Le Conseil d’Etat précise l’articulation des différentes sanctions contractuelles
Par une décision du 18 décembre 2020, le Conseil d’Etat est revenu sur l’articulation des différentes sanctions que l’administration est susceptible de prononcer à l’encontre de son cocontractant.
Dans cette affaire, la CCI du Pays de Saint-Malo a conclu avec la société Treuils et Grues Labor (TGL) un marché public ayant pour objet la fourniture d’une grue et sa mise en service au plus tard le 13 décembre 2004. Cependant, la réception provisoire n’a pu avoir lieu que le 11 avril 2007, et la mise en service n’a pas pu être réalisée en raison de dysfonctionnements qui n’ont jamais été repris malgré plusieurs mises en demeure. Le 28 novembre 2007, la CCI a donc notifié à la société TGL sa décision de faire procéder à l’exécution du marché à ses frais et risques par un autre prestataire. À cet effet, elle a conclu un premier marché de substitution portant sur une mission d’expertise technique de la grue, puis, un second ayant pour objet des travaux de remise en état de fonctionnement. Cependant, la grue n’a jamais pu être mise en service, de sorte que la CCI a procédé à la résiliation pour faute du marché qui avait été conclu avec la société TGL par une décision du 4 janvier 2012.
Dans ce contexte, le tribunal administratif de Rennes puis la cour administrative d’appel de Nantes ont été amenés à se prononcer sur une demande présentée par la CCI, tendant pour l’essentiel à la condamnation de la société TGL à l’indemniser des préjudices résultant de la mauvaise exécution du marché initial. Alors que le tribunal n’avait condamné la société TGL qu’à hauteur de 239 775,79 euros TTC, la cour administrative d’appel a porté cette condamnation à 918 236,04 euros TTC. La société TGL s’est donc pourvue en cassation devant le Conseil d’Etat.
Outre un rappel des conditions dans lesquelles peuvent être conclus des marchés de substitution (CE Ass. 9 novembre 2016, Société Fosmax LNG, req. n° 388806, au recueil) et peut être prononcée la résiliation du contrat aux torts du titulaire (CE 26 février 2014, Société Environnement services, req. n° 365546, aux tables), le Conseil d’Etat apporte deux séries de précisions.

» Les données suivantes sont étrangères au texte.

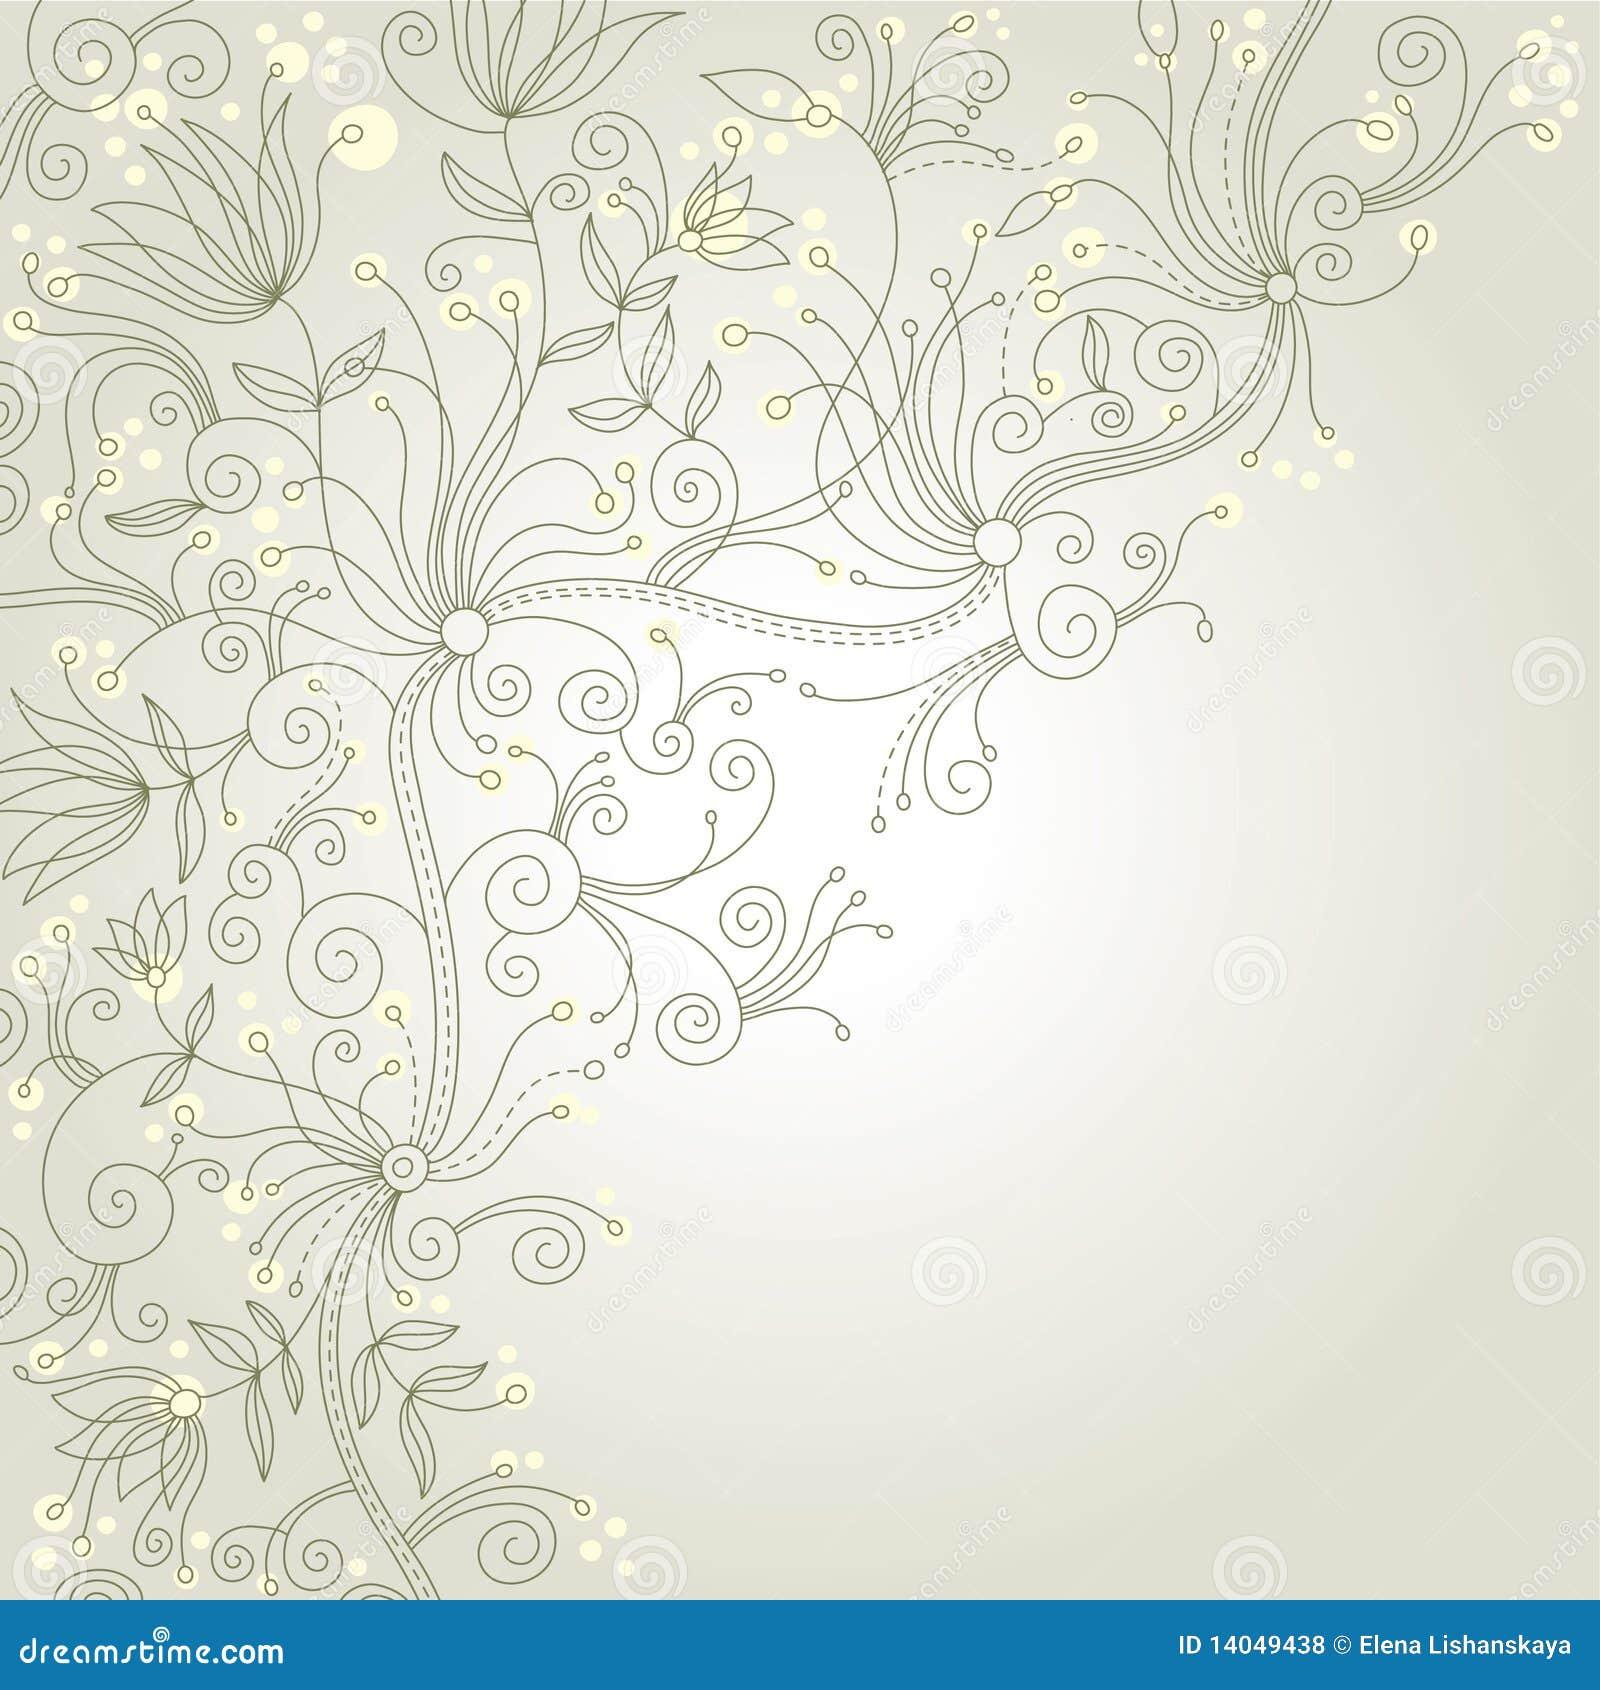 Romantic Wedding Invitations 011 - Romantic Wedding Invitations

D’abord, il expose les conditions dans lesquelles la résiliation pour faute peut s’ajouter à des pénalités prononcées par l’acheteur. À cet égard, la circonstance que des retards dans l’exécution des prestations ont fait l’objet de pénalités, avant la résiliation du marché, ne fait pas obstacle à ce que l’acheteur prononce en définitive la résiliation du marché pour faute du titulaire, quand bien même ce retard dans l’exécution des prestations ferait partie des motifs fondant la résiliation. Le principe non bis in idem n’a donc pas vocation à s’appliquer dans un tel cas de figure. En revanche, le Conseil d’Etat rappelle à toutes fins utiles qu’aucune pénalité de retard ne peut évidemment être prononcée pour la période postérieure à la résiliation
Ensuite, l’existence d’une faute d’une particulière gravité, qui peut fonder la résiliation du marché aux torts du titulaire, a également des conséquences sur les sommes supportées par le titulaire initial lorsque l’acheteur a conclu des marchés de substitution. En effet, le Conseil d’Etat affirme que « lorsque, en dépit de la conclusion de marchés de substitution, l’objet du marché initialement conclu n’a pu être réalisé, du fait de graves défaillances du titulaire du marché initial, notamment dans la conception de l’équipement livré, la personne publique a droit à la réparation, par le titulaire du marché initial, de son entier préjudice, qui résulte de l’ensemble des frais exposés pour les différents marchés ». En cela, il valide la position de la cour administrative d’appel de Nantes, qui avait mis à la charge de la société TGL le remboursement non seulement des marchés de substitution, mais aussi du marché initial.
Au total, l’inexécution de ses obligations par la société TGL a donc des conséquences radicales, puisqu’en l’espèce celle-ci doit supporter des pénalités de retard, les frais liés aux marchés de substitution, la résiliation de son propre marché et le remboursement à l’acheteur des sommes payées à ce titre.